- Recorded information

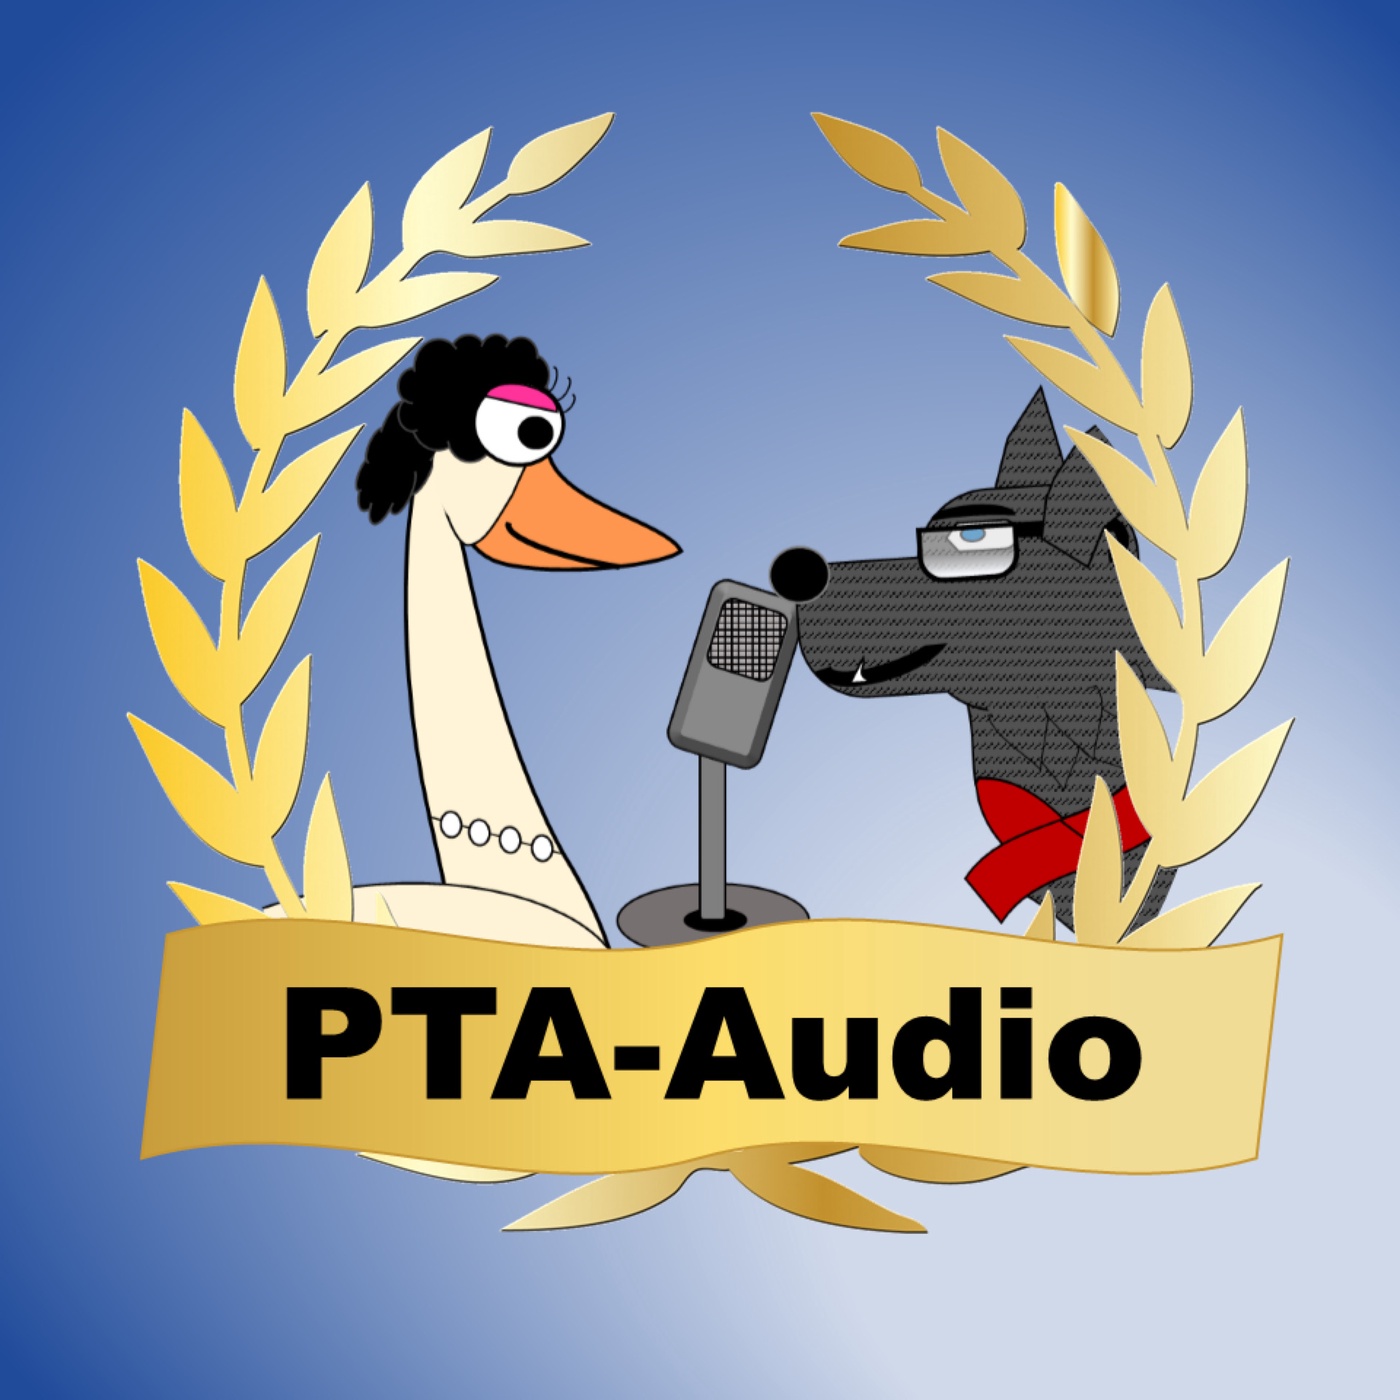 PTA-Audio
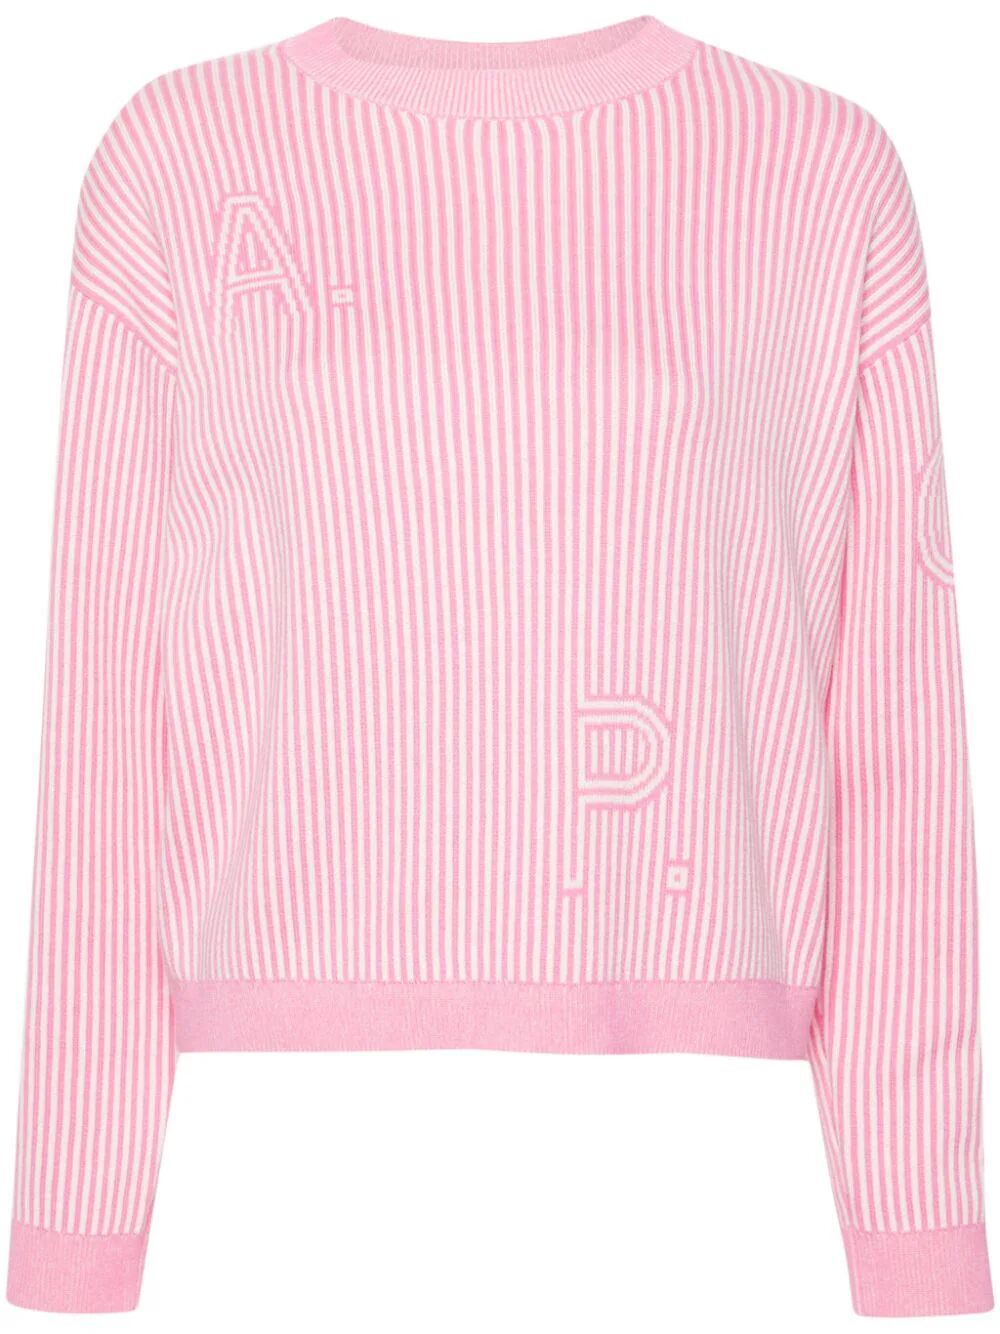 striped cotton jumper
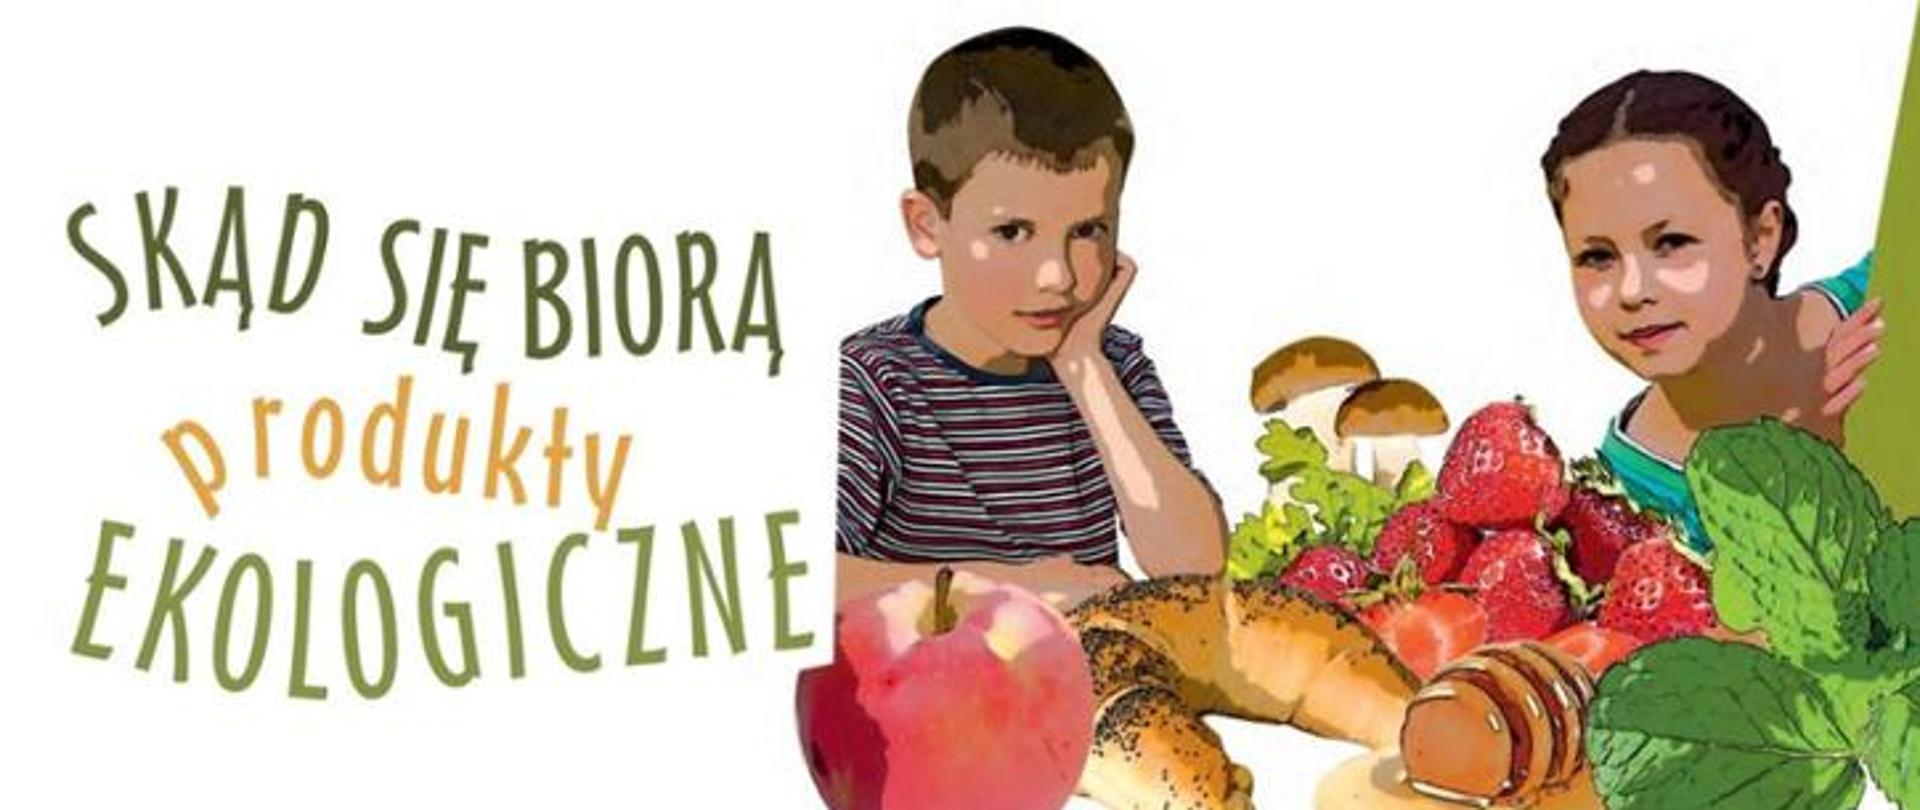 Grafika przedstawia z lewej strony obrazka chłopca podartego ręką oraz wychylającą się z prawej strony zza obrazka dziewczynkę. Na pierwszym planie znajdują się produkty żywnościowe: jabłko, rogal, miód, miętę truskawki oraz grzyby. Na obrazku koło chłopca widnieje napis: Skąd się biorą produkty ekologiczne.

- Activity
All of the data, minus its pictures, should be repeated exactly.

- Your solution
 PTA-Audio
 striped cotton jumper
 Grafika przedstawia z lewej strony obrazka chłopca podartego ręką oraz wychylającą się z prawej strony zza obrazka dziewczynkę. Na pierwszym planie znajdują się produkty żywnościowe: jabłko, rogal, miód, miętę truskawki oraz grzyby. Na obrazku koło chłopca widnieje napis: Skąd się biorą produkty ekologiczne.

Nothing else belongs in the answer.